案の定、04班ギガンテ死亡、ホーク重態(戦闘不能)、とあった。
彼らもただ黙ってやられたわけではないらしく、続いて03班クインテット死亡、アルファ軽傷、とLEDの赤い文字が流れた。
ベイカーは何も言わず、通信機をしまった。
サンライズも、一言も発することなく彼の後に続いた。
吐きそうだった。
それでもやはり、足を止めることができない。
灌木の間から、少し平らになった山頂がみえた。
赤い照明をともしたアンテナが数本、暗く曇った空に伸びている。
さきほどまではっきり見えていた月は今、おぼろに霞んで白っぽい暈を厚くまとっていた。

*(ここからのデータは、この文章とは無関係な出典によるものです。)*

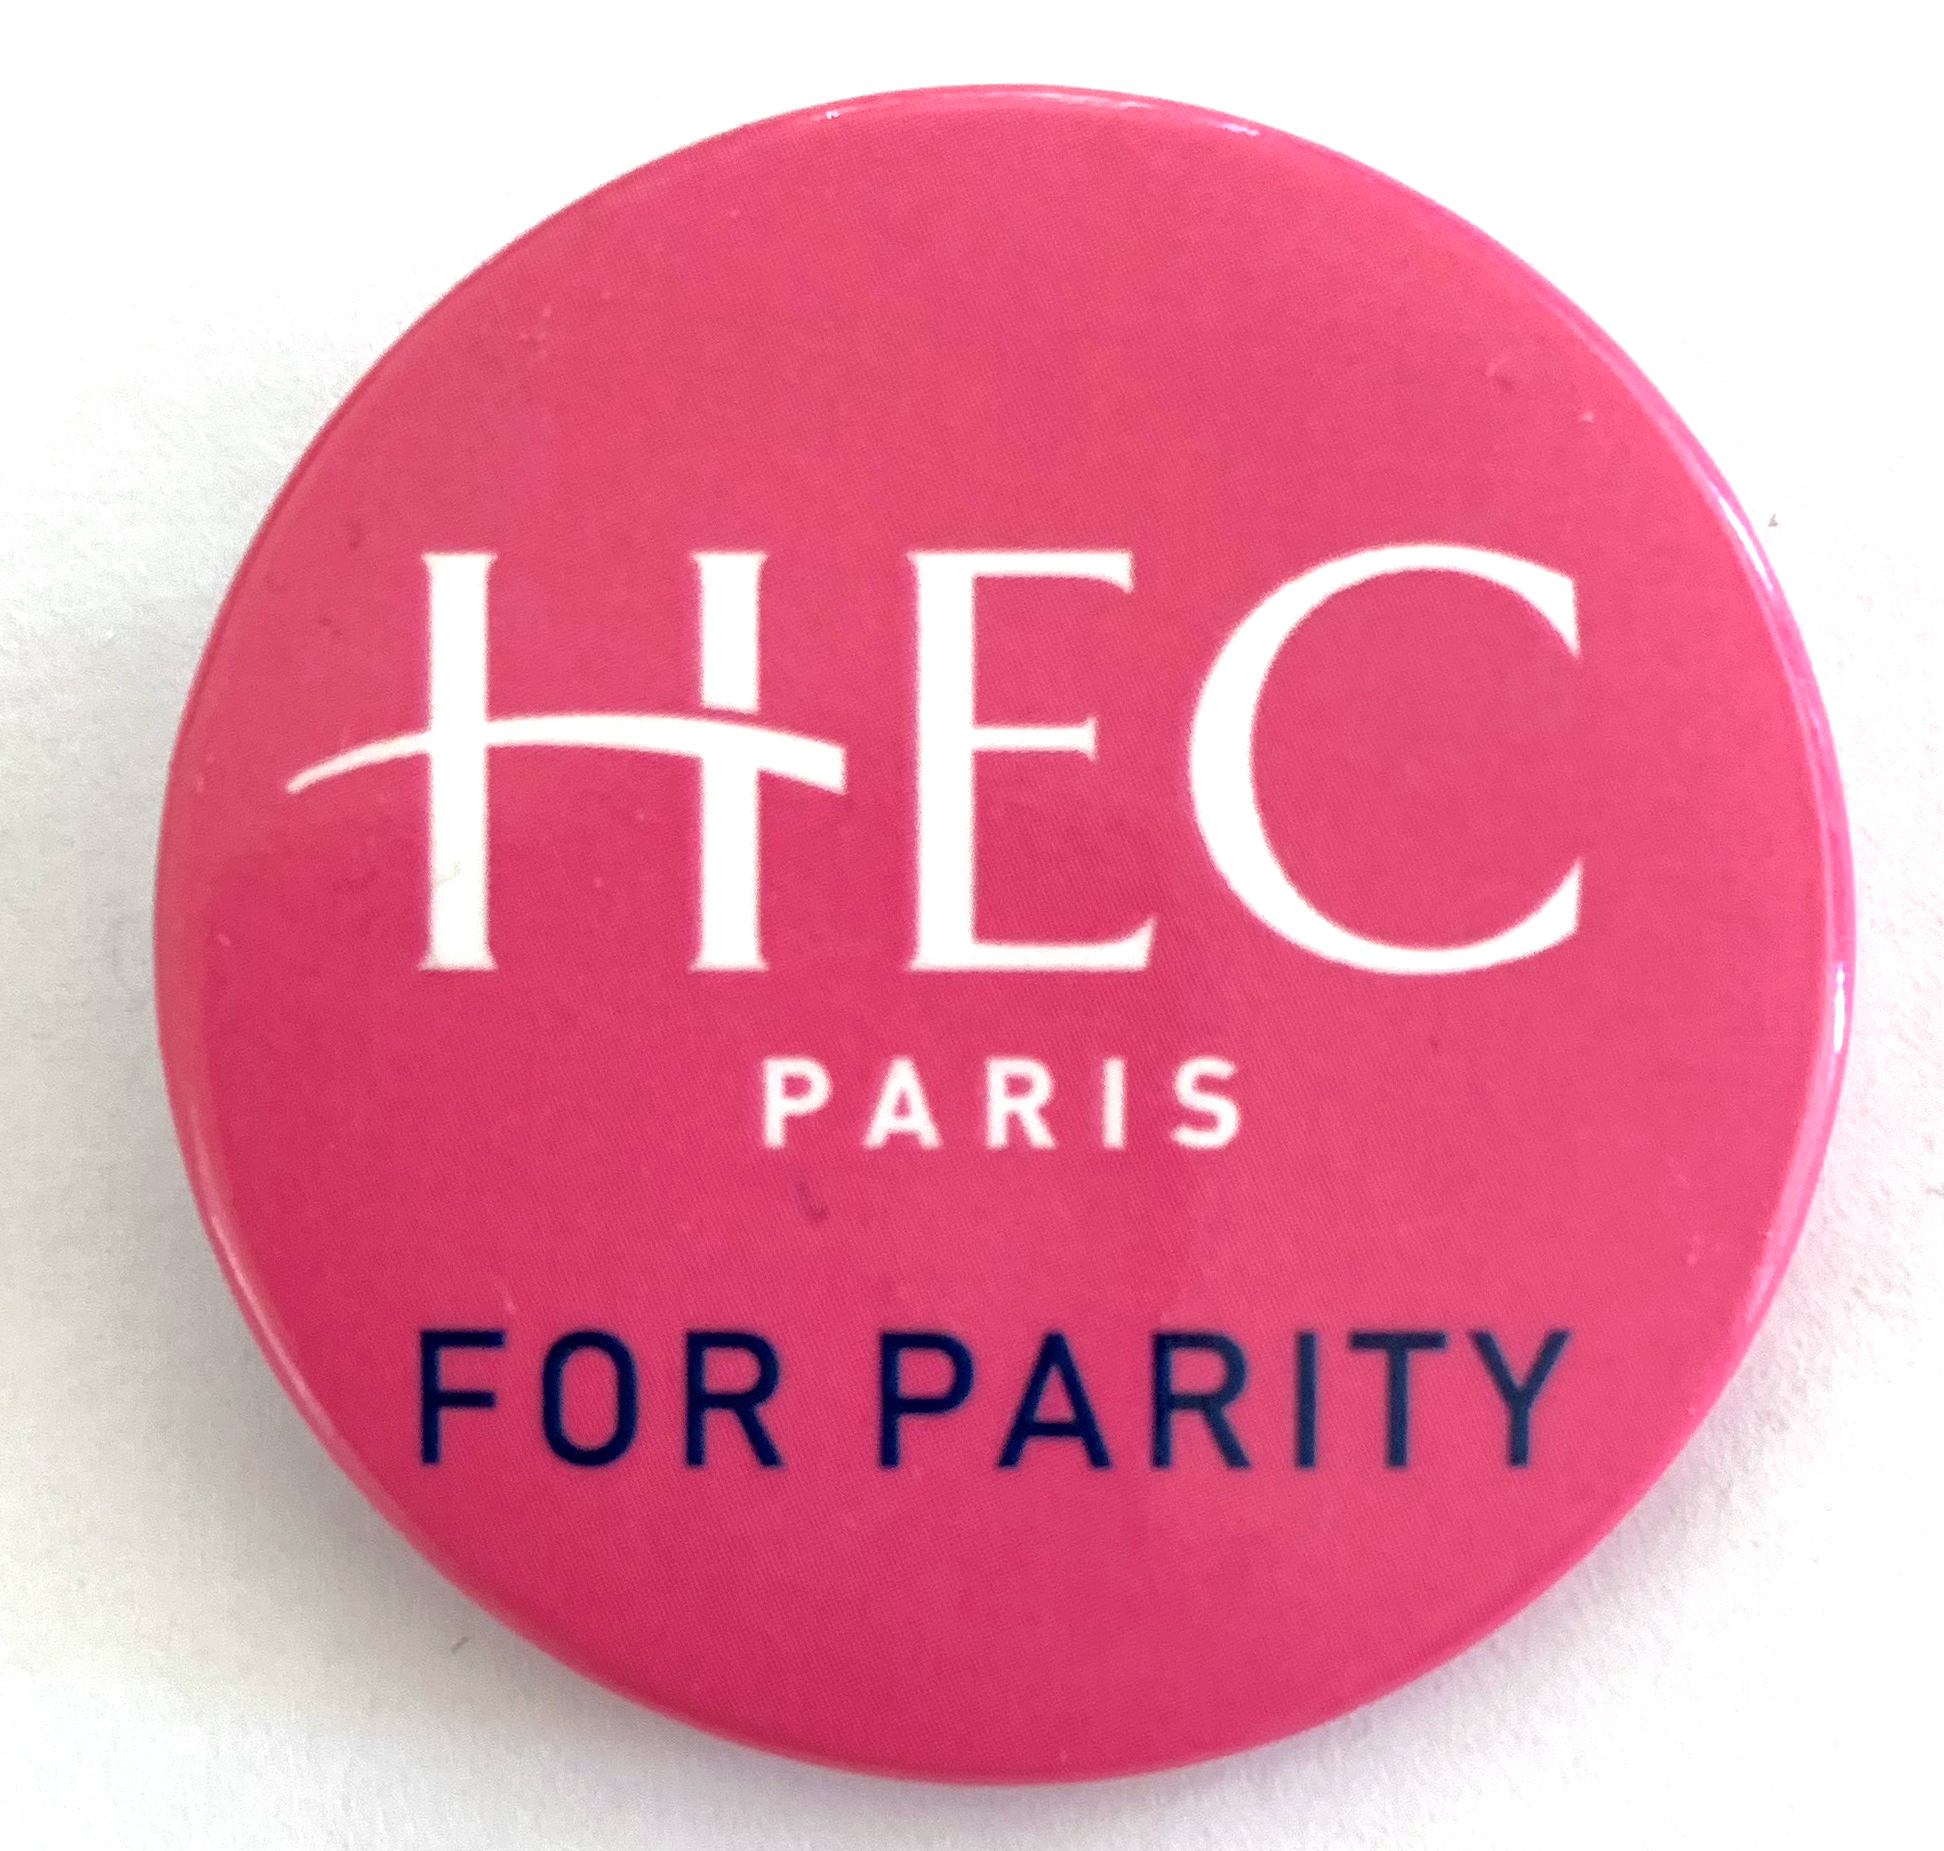 image of HEC for Parity button

頂上に、鉄筋コンクリート3階建てのビルがあるのだという。
その建物のどこかに、今回のゴールポイントが隠されている。
ポイントは三ヶ所設定されているが、そのうち二ヶ所はダミー、本物は一つきりだった。
どこかから叫び声があがり、銃声がした。ベイカーとサンライズは反射的に伏せる。
しばらくその姿勢のままでいたところに、また通信機に連絡。
01班フリーウェイ死亡、02班ジャッカルとゾディアック軽傷。
建物の周囲ですでに戦闘が始まっているらしい。
しかしゾディアックはまだ残っている。サンライズにとって、それは吉報でもあり、凶報でもあった。
日付がいつの間にか変わっていた。00:09。
残ったのは、01班がカンサス一人、02班がゾディアックとジャッカルの二人、03班がアルファ。
そして04班がベイカーとサンライズ。
全てが今、間近なゴールに向けて渦を巻くように、いや、燃え盛る松明に抗えない羽虫たちのごとく、ぐいぐいと引き寄せられているのを感じる。
「荷物をここに置いて」
ベイカーが銃を構える。
サンライズも通信機を胸ポケットにおさめて、銃だけ取り上げた。
最後の決戦場へ、彼らは小走りに突入していった。